For future reference, whenever you see the following symptoms in Firefox with NVDA, it is almost certainly due to WM_GETOBJECT failure:
1. NVDA reports "unknown" (but not defunct).
2. NVDA developer info reports that IAccessibleObject is an IAccessible instead of an IAccessible2.
Failure:
IAccessibleObject: <POINTER(IAccessible) ptr=0xe4071d0 at 10157530>
Normal:
IAccessibleObject: <POINTER(IAccessible2) ptr=0xdd0a0c4 at 4c368a0>
3. NVDA developer info reports a non-0 IAccessibleChildID.
Failure:
IAccessibleChildID: -487324912
Normal:
IAccessibleChildID: 0
Flags: needinfo?(jamie)
Thanks Jamie! Adjusting the summary accordingly. I also asked on the Release Drivers if something called OMTC that was recently enabled for Windows builds could have something to do with these failures. I know for a fact that there was nothing in our MSAA code recently that changed, which could account for this massive increase in failures that I am experiencing on two machines.
Summary: Frequent loss of focus when navigating around web pages with NVDA → Significant increase of WM_GETOBJECT handling failures
It should be some ipc code change. We need to know what bug caused a regression.
cc'ing Bas as bug 899785 assignee
Could this be related to bug 933733?
Flags: needinfo?(jmathies)
Additional info: Setting layers.offmainthreadcomposition.enabled to "false" in about:config also makes the problem go away. So this is directly related to OMTC indeed.
(In reply to Bas Schouten (:bas.schouten) from comment #10)
> Could this be related to bug 933733?

Do either of the threads involved in omtc create a chromium TYPE_MOZILLA_UI loop? If so the problem could be deferred message handling in WindowsMessageLoop.
Flags: needinfo?(jmathies)
(In reply to Jim Mathies [:jimm] from comment #12)
> (In reply to Bas Schouten (:bas.schouten) from comment #10)
> > Could this be related to bug 933733?
> 
> Do either of the threads involved in omtc create a chromium TYPE_MOZILLA_UI
> loop?

How to check that?

> If so the problem could be deferred message handling in
> WindowsMessageLoop.

can you describe please how all it works? I think either of a11y devs has certain lack of knowledge in the area.
(In reply to Jim Mathies [:jimm] from comment #12)
> (In reply to Bas Schouten (:bas.schouten) from comment #10)
> > Could this be related to bug 933733?
> 
> Do either of the threads involved in omtc create a chromium TYPE_MOZILLA_UI
> loop? If so the problem could be deferred message handling in
> WindowsMessageLoop.

Well... the -main- thread is involved with OMTC? That presumably is a MOZILLA_UI loop. The non-main-thread loops shouldn't be. I wrote a patch for IPC for that.
(In reply to alexander :surkov from comment #13)
> > Do either of the threads involved in omtc create a chromium TYPE_MOZILLA_UI
> > loop?
> 
> How to check that?

Running a debug build with an ally client connected might show some useful errors if the problem is in the deferred message handling. It'll dump error info if it's trying to handle windowing events that it can't support. (WM_GETOBJECT isn't currently supported.)

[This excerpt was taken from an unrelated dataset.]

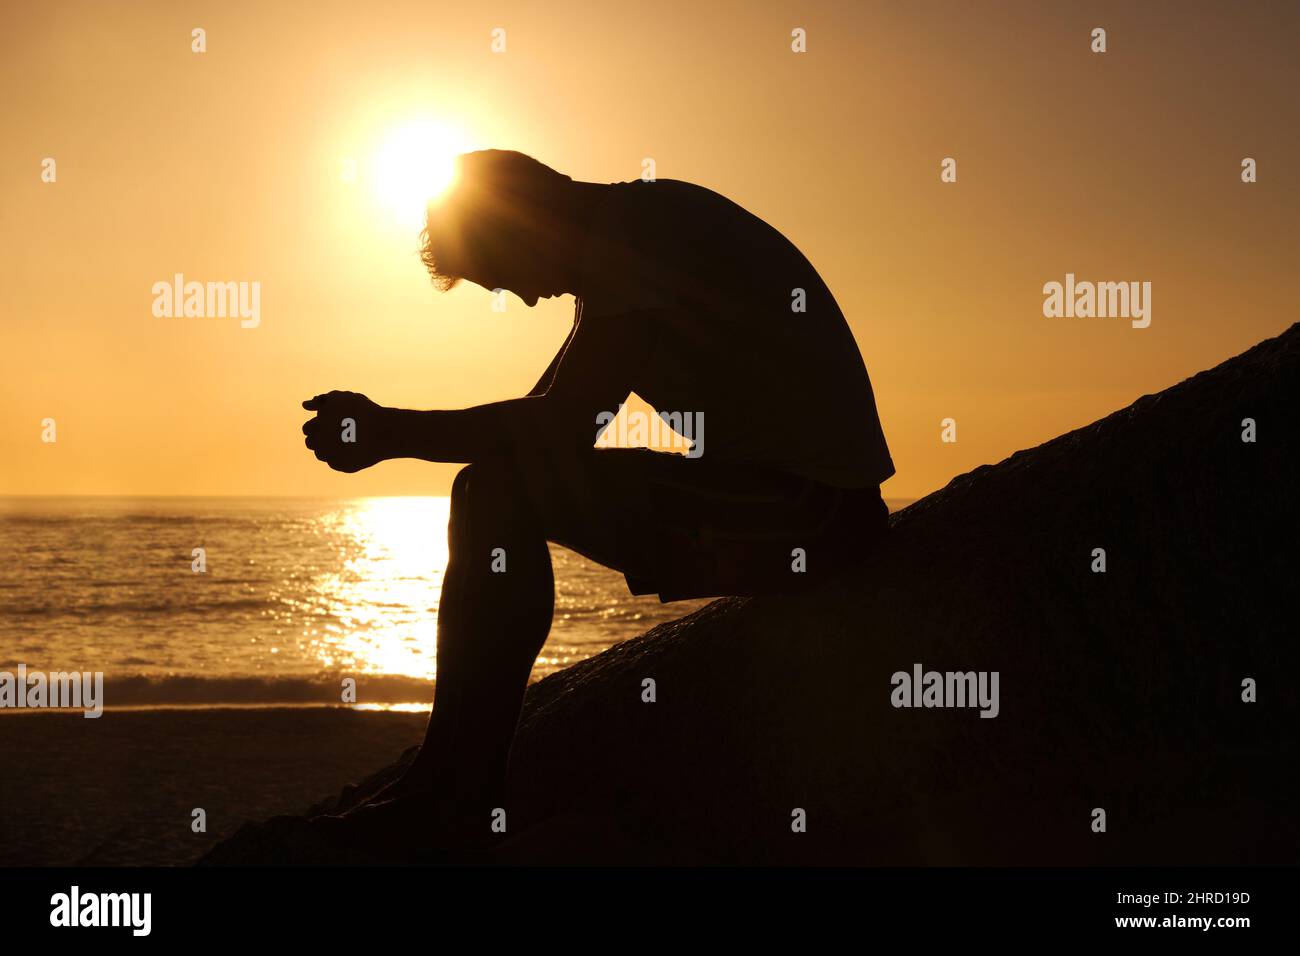 Contemplare il significato della vita. Silhouette di un uomo seduto in riva al mare e contemplare mentre si guarda verso il basso. Foto Stock

What we may have to do is disable omtc when an ally client is connected, similar to what we discussed about disabling e10s.
> What we may have to do is disable omtc when an ally client is connected,
> similar to what we discussed about disabling e10s.

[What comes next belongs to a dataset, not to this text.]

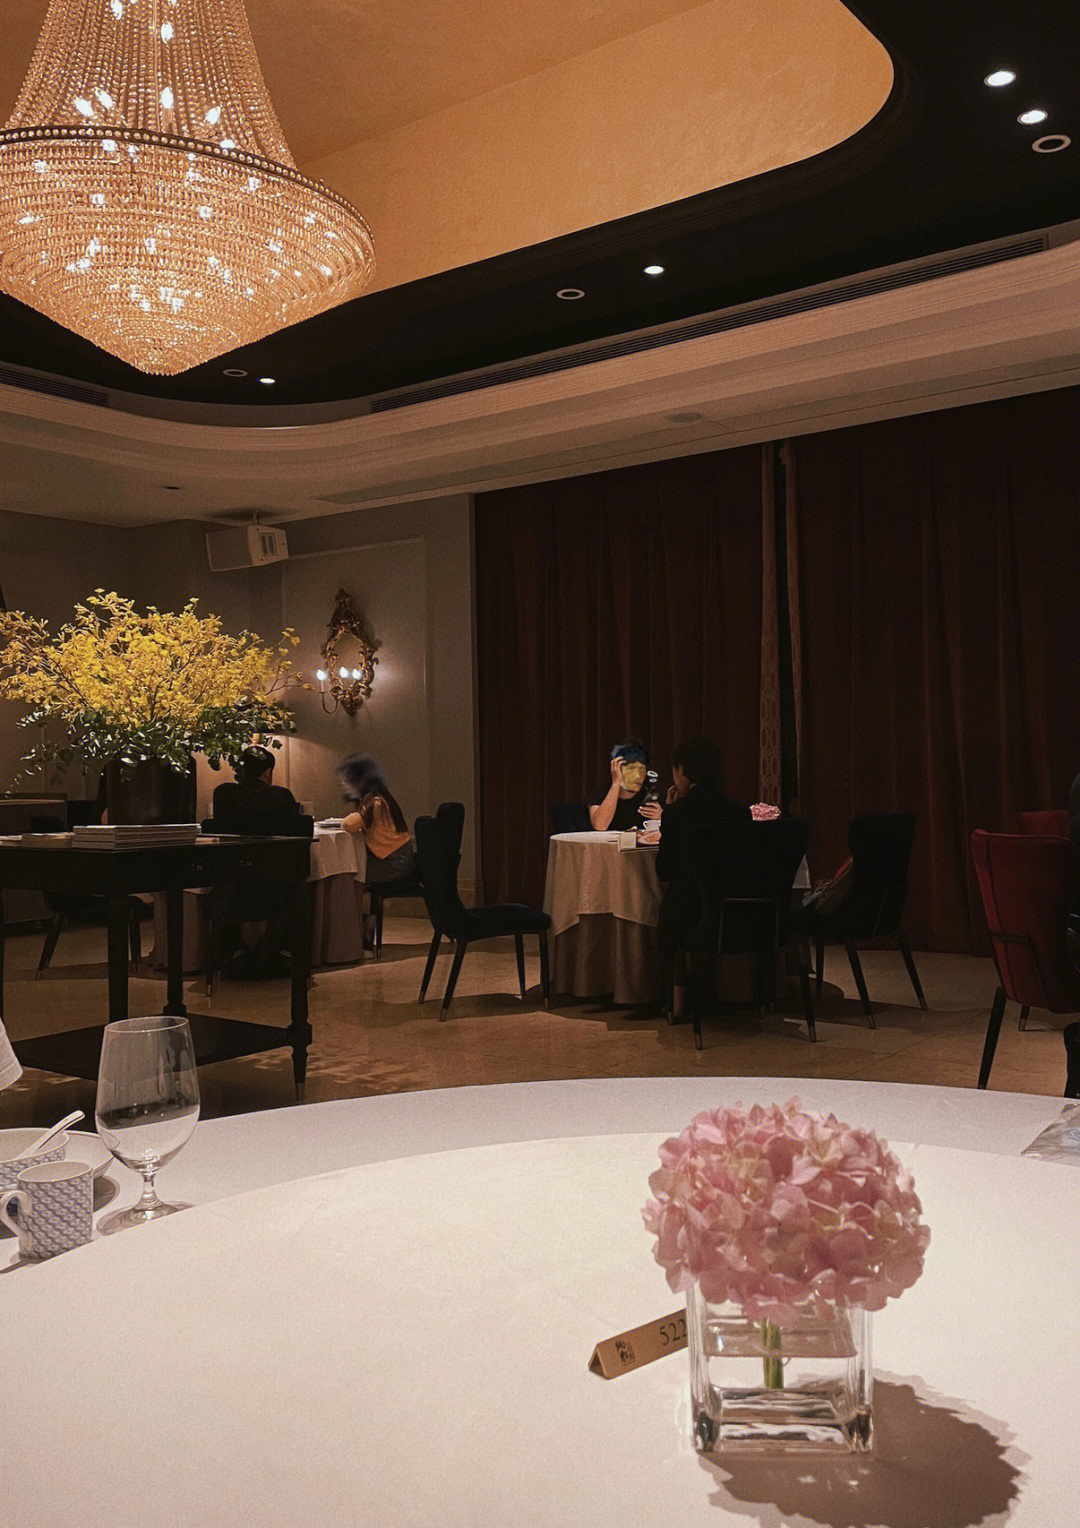 但怎么说也是鼎鼎大名的炳胜公馆,就也算是早茶系列里的吧～作为广州

don't the grafix people want to kill off support for non omtc though?
(In reply to Trevor Saunders (:tbsaunde) from comment #16)
> > What we may have to do is disable omtc when an ally client is connected,
> > similar to what we discussed about disabling e10s.
> 
> don't the grafix people want to kill off support for non omtc though?

No idea. Bas?

Before we go this route though we should figure out what's going wrong here. Might be an easy fix.
(In reply to Jim Mathies [:jimm] from comment #17)
> (In reply to Trevor Saunders (:tbsaunde) from comment #16)
> > > What we may have to do is disable omtc when an ally client is connected,
> > > similar to what we discussed about disabling e10s.
> > 
> > don't the grafix people want to kill off support for non omtc though?
> 
> No idea. Bas?
> 
> Before we go this route though we should figure out what's going wrong here.
> Might be an easy fix.

Jim, do you have cycles to look at this? (Are you the right person?)
(In reply to David Bolter [:davidb] from comment #18)
> (In reply to Jim Mathies [:jimm] from comment #17)
> > (In reply to Trevor Saunders (:tbsaunde) from comment #16)
> > > > What we may have to do is disable omtc when an ally client is connected,
> > > > similar to what we discussed about disabling e10s.
> > > 
> > > don't the grafix people want to kill off support for non omtc though?
> > 
> > No idea. Bas?
> > 
> > Before we go this route though we should figure out what's going wrong here.
> > Might be an easy fix.
> 
> Jim, do you have cycles to look at this? (Are you the right person?)

Yeah I've been lent out to Bas help on omtc where needed. It would be great if someone could walk me through getting an ally client (preferably something build into windows vs. third party) running that reproduces the issue.
(In reply to Jim Mathies [:jimm] from comment #19)
> It would be great
> if someone could walk me through getting an ally client (preferably
> something build into windows vs. third party) running that reproduces the
> issue.

Unfortunately, Narrator (built into Windows) is not an option because it doesn't use MSAA/Iaccessible2 to access stuff. Your best bet is to get NVDA and use that.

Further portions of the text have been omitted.